75years female with severe metabolic acidosis

75 year old female patient with hypovolemic shock /(?) cardiogenic shock with type 1 respiratory failure and severe metabolic acidosis.

January 13'2022


This is online E log book to discuss our patient’s de-identified health data shared after taking his/her guardian’s signed informed consent.

 Here we discuss our individual patient's problems through a series of inputs from an available global online community of experts with an aim to solve those patient's clinical problems with collective, current, best evidence based inputs. 

This e-log book also reflects my patient centered online learning portfolio and your valuable inputs in the comment box is welcome.

NAME :: K.Thanmai
ROLL.NO. :: 65 
BATCH :: 2017


A 75 year old female patient was brought to the casualty with chief complaints of 
 # FEVER since 4 days .
 # GENERALISED WEAKNESS since 3 days .
 # VOMITING since 3 days .
 # SHORTNESS OF BREATH since 1 day.


History of presenting illness :

Patient was apparently asymptomatic 3 months back and is able to do her regular work at home. 
 she developed shortness of breath of grade 3 along with dizziness and generalised weakness which made her to fall for which she was taken to a local hospital in hyderbad , MRI was done which showed no abnormality and  used medications for the above.

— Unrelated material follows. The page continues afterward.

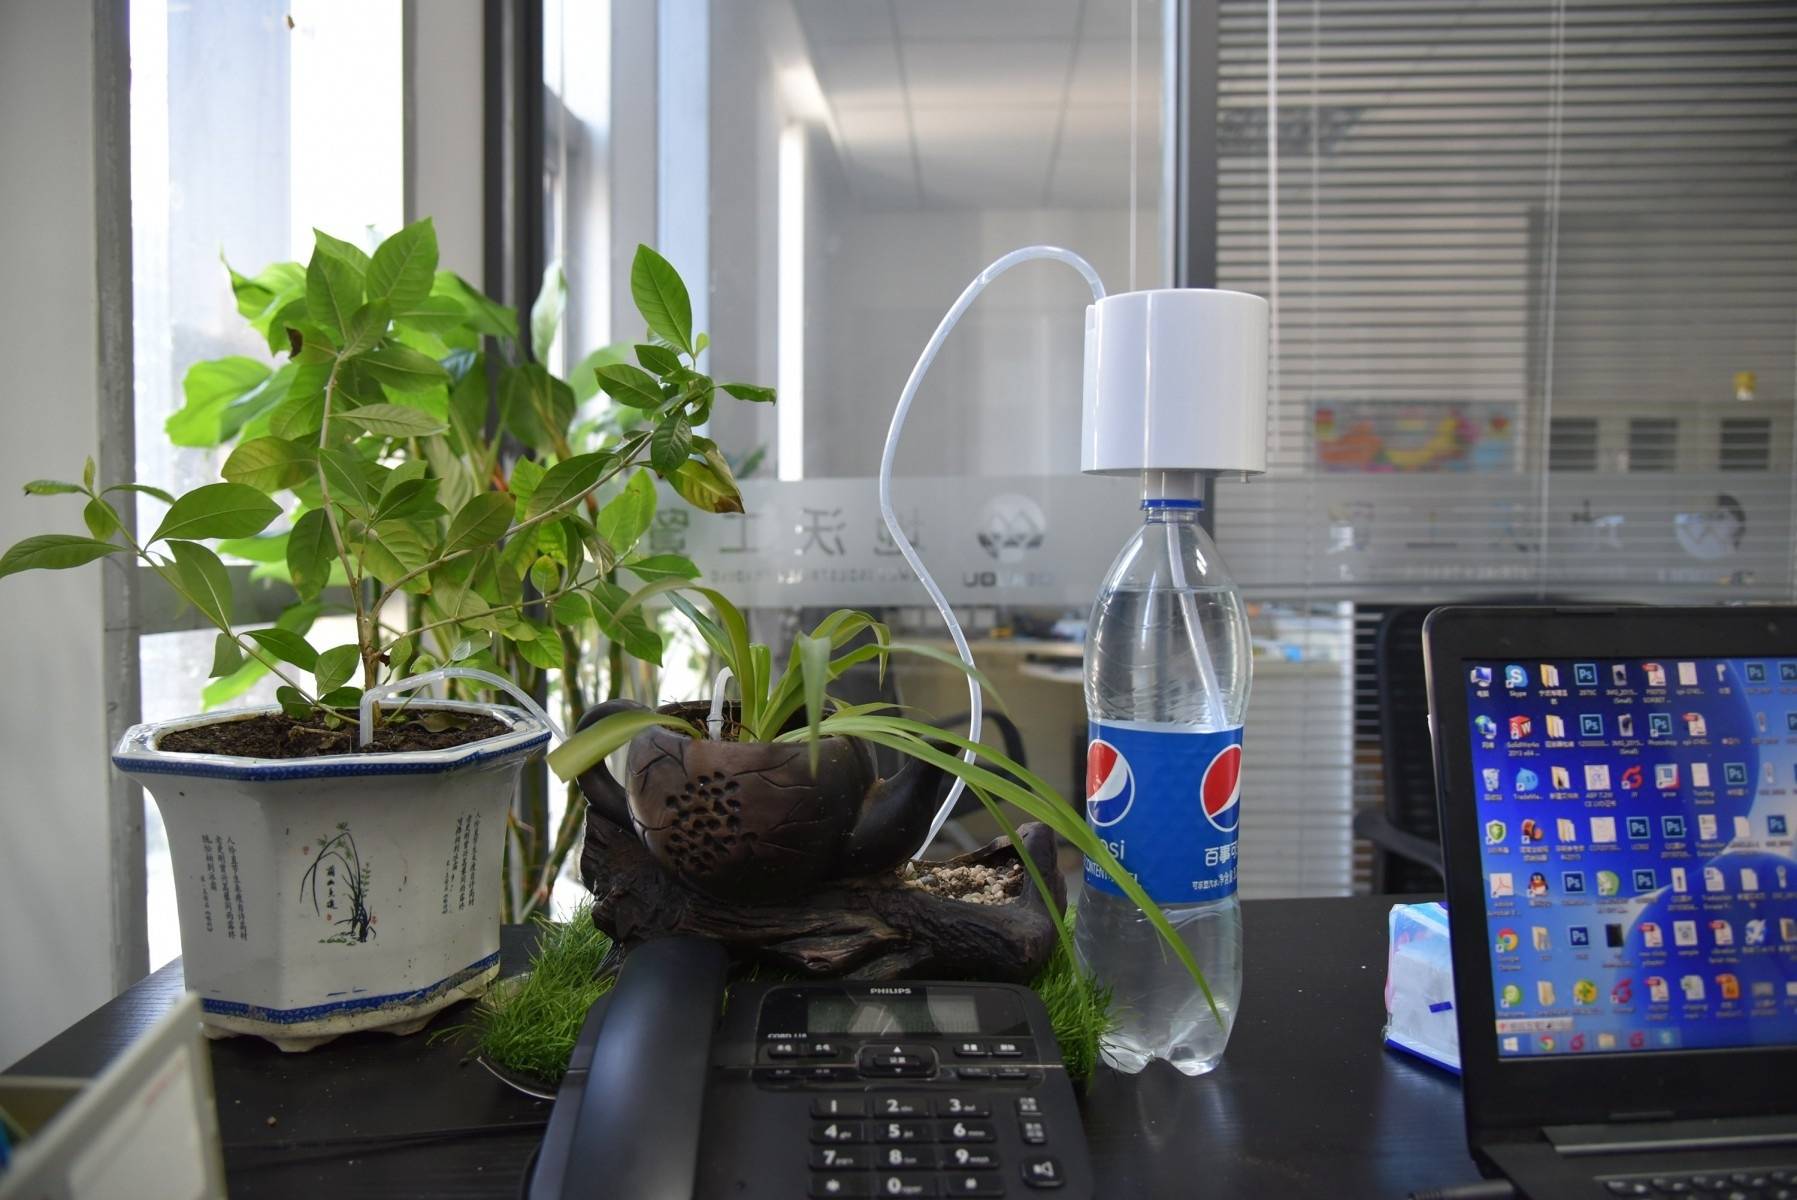 5 комнатных растений, которые выживут без полива 2 недели

There were no similar episodes when on medications. 

4 days back she developed fever which was low grade , intermittent, not associated with chills and rigor , no diurnal variation , relieved on medications. 

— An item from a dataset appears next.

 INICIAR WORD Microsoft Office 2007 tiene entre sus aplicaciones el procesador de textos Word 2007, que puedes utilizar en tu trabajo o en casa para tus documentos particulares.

2 days back she developed vomitings of 4 episodes which were non projectile , food particles as content , non bilious , non foul smelling and associated with loss of appetite ( patient's attender gives the history that she often forgets to eat food )not associated with loose stools and pain abdomen. 

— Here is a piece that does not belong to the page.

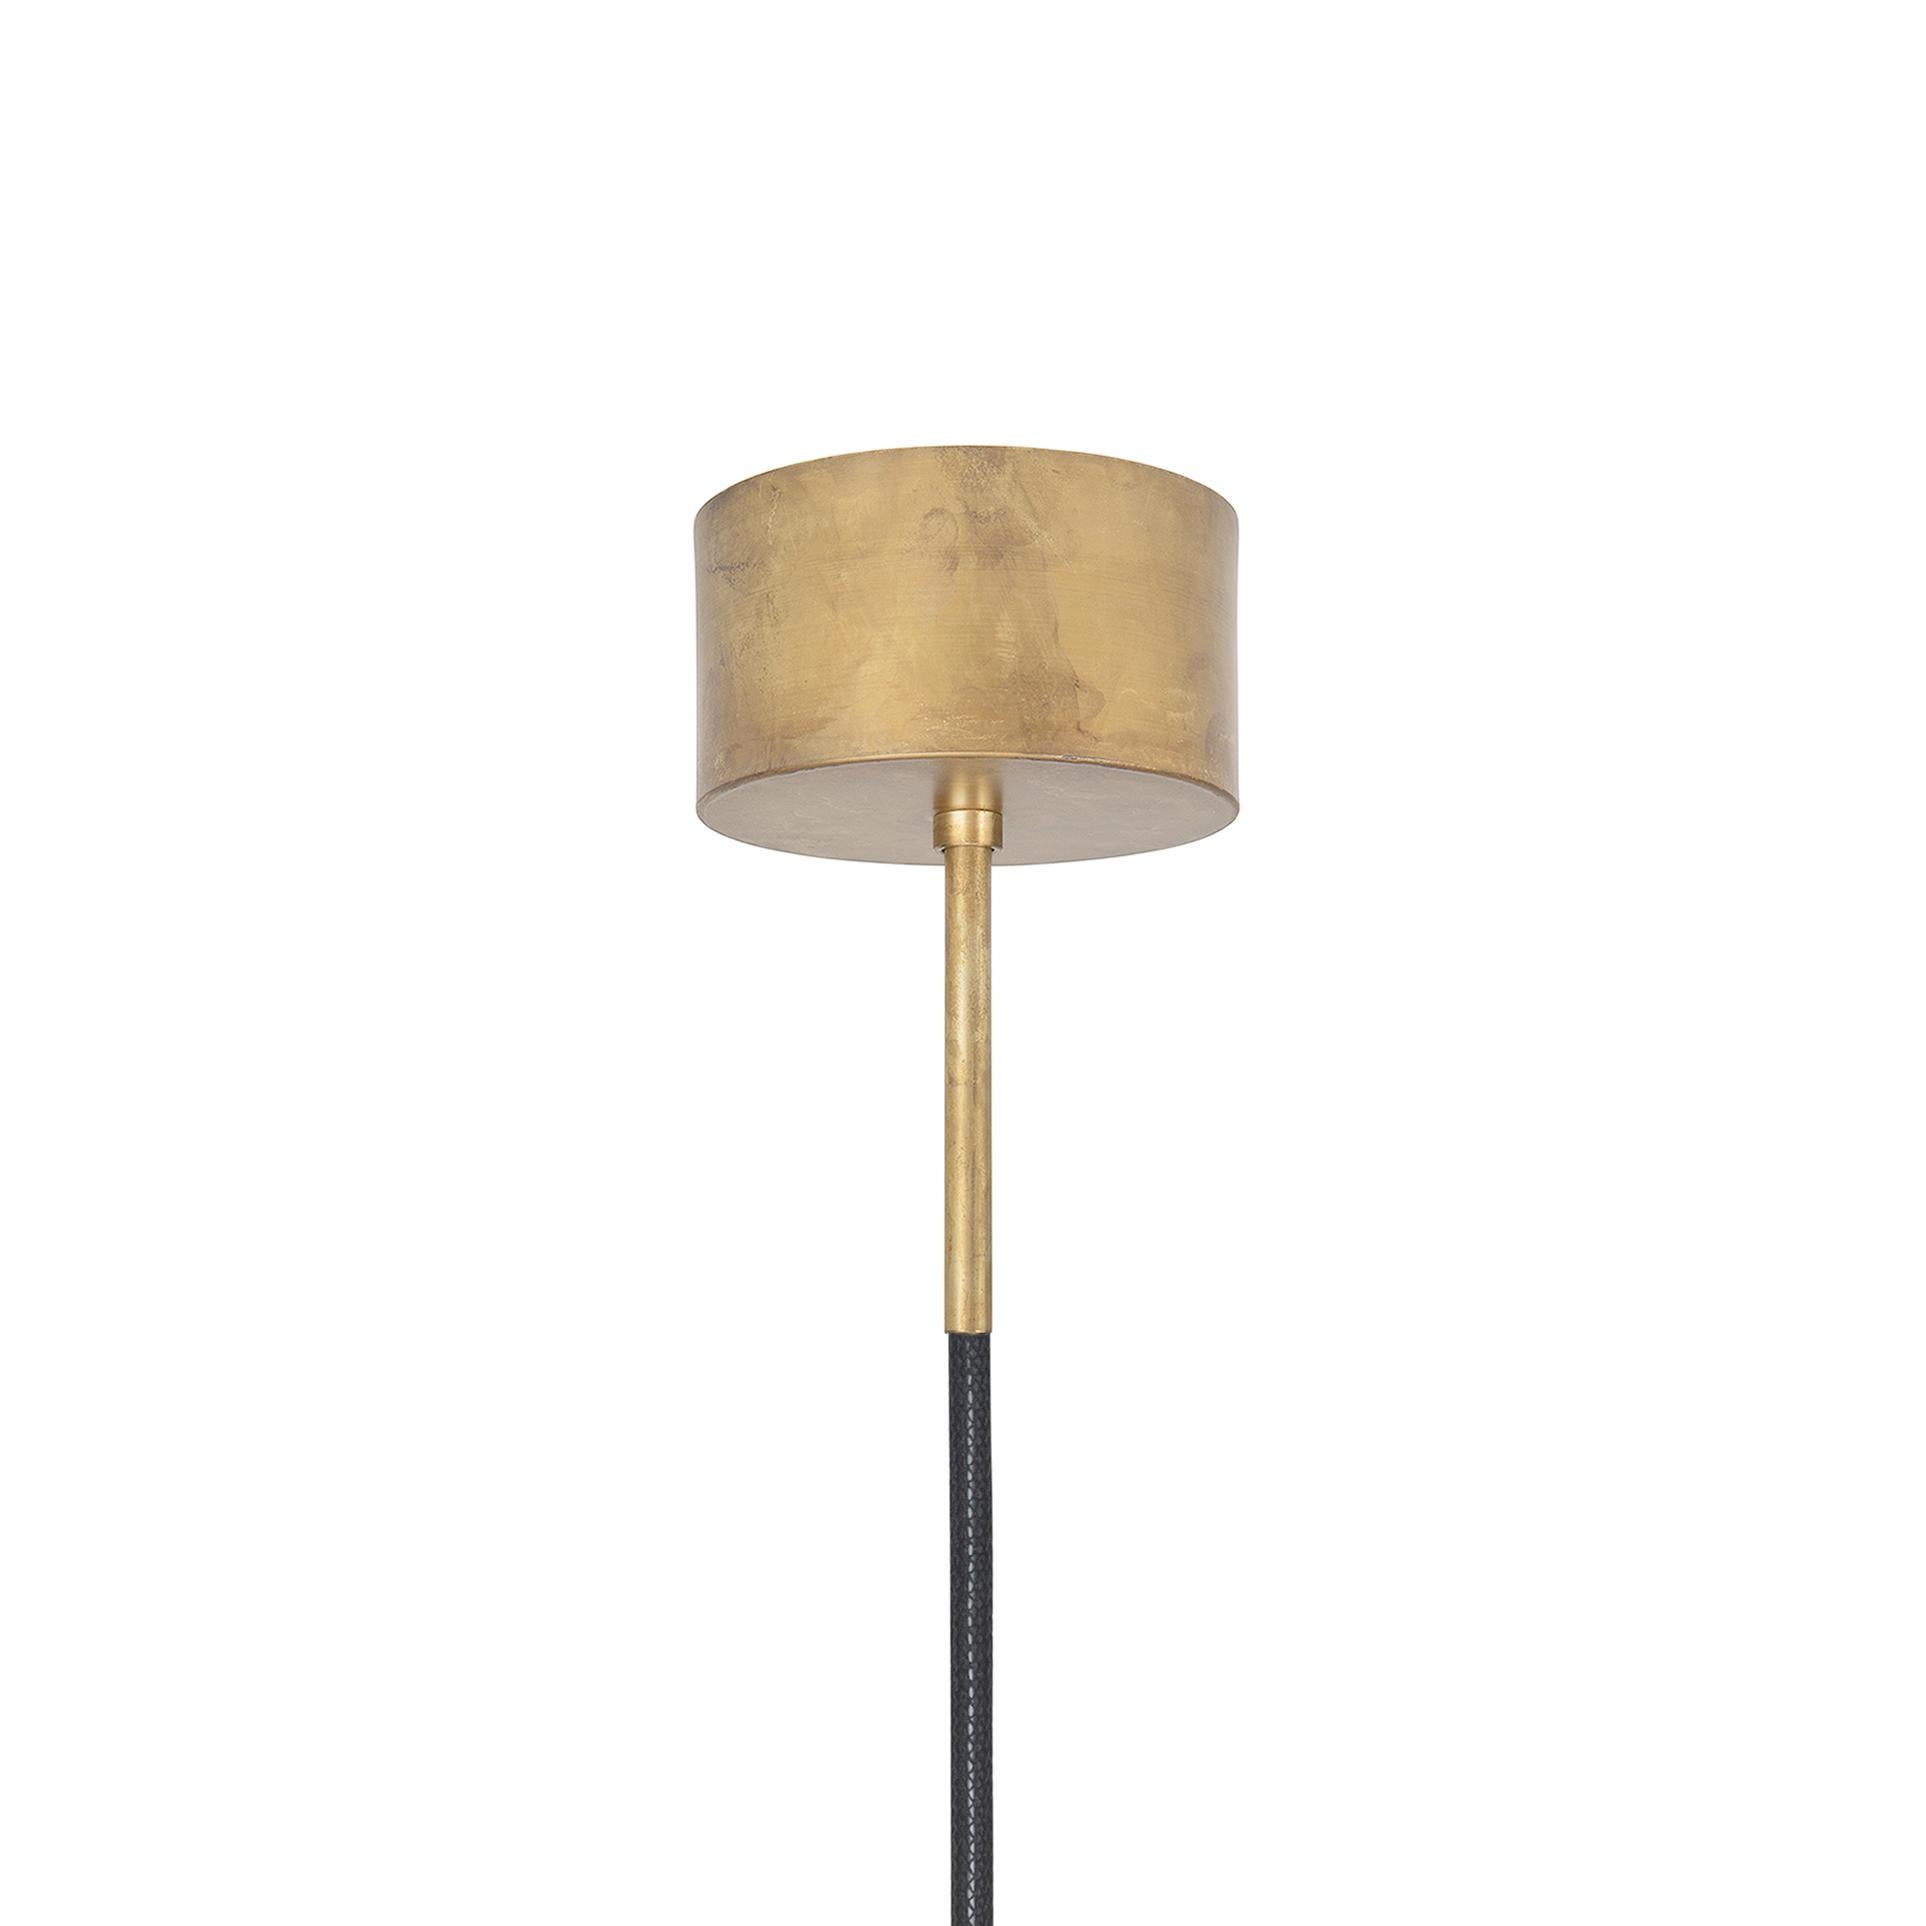 Scandinavian Modern Johan Carpner Klyfta Small Raw Brass Ceiling Lamp by Konsthantverk For Sale

She developed shortness of breath since morning which was grade 3 not associated with chest pain , palpitations, orthopnea and paroxysmal nocturnal dyspnea .

Past history 

No similar compliants in the past and no previous hospitalization.
Not a known case of diabetes , hypertension, asthma , Tuberculosis and epilepsy. 
No past surgeries and blood transfusion.
 

Personal history 

Appetite is decreased.
Mixed diet.
Sleep adequate .
Bowel and bladder regular .
No known food and drug allergies.
No addictions.

Family history ::

Not significant.


GENERAL EXAMINATION ::

* The patient is conscious , non coherent and non -cooperative .
* Moderately built and moderately nourished.
Examined the patient in supine position and in well lit room.

* Pallor : Absent 
* Icterus : Absent
* Cyanosis : Absent
* Clubbing : Absent 
* Lymphadenopathy : Absent
* Edema : Bilateral, pitting type upto thighs 



VITALS ::

Temp: Afebrile 
PR: 78 Beats per minute , low volume pulse , normal character and rythmn and vessel wall normal .
BP: could not be measured.
RR: 28 cycles per minute.
Spo2 - 50% at Room air. 85% at 15 litres of oxygen.
GRBS- 43 mg/dL.


SYSTEMIC EXAMINATION ::

* RESPIRATORY SYSTEM : Normal Vesicular Breath Sounds Audible, Position of trachea is central, Bilateral air entry present

* CVS : S1 and S2 Heard, no murmurs, no thrills

* CNS : Higher mental functions normal , Cranial nerves: intact, No meningeal signs, GCS- 15/15 , deep tendon reflexes are normal , sensory system intact.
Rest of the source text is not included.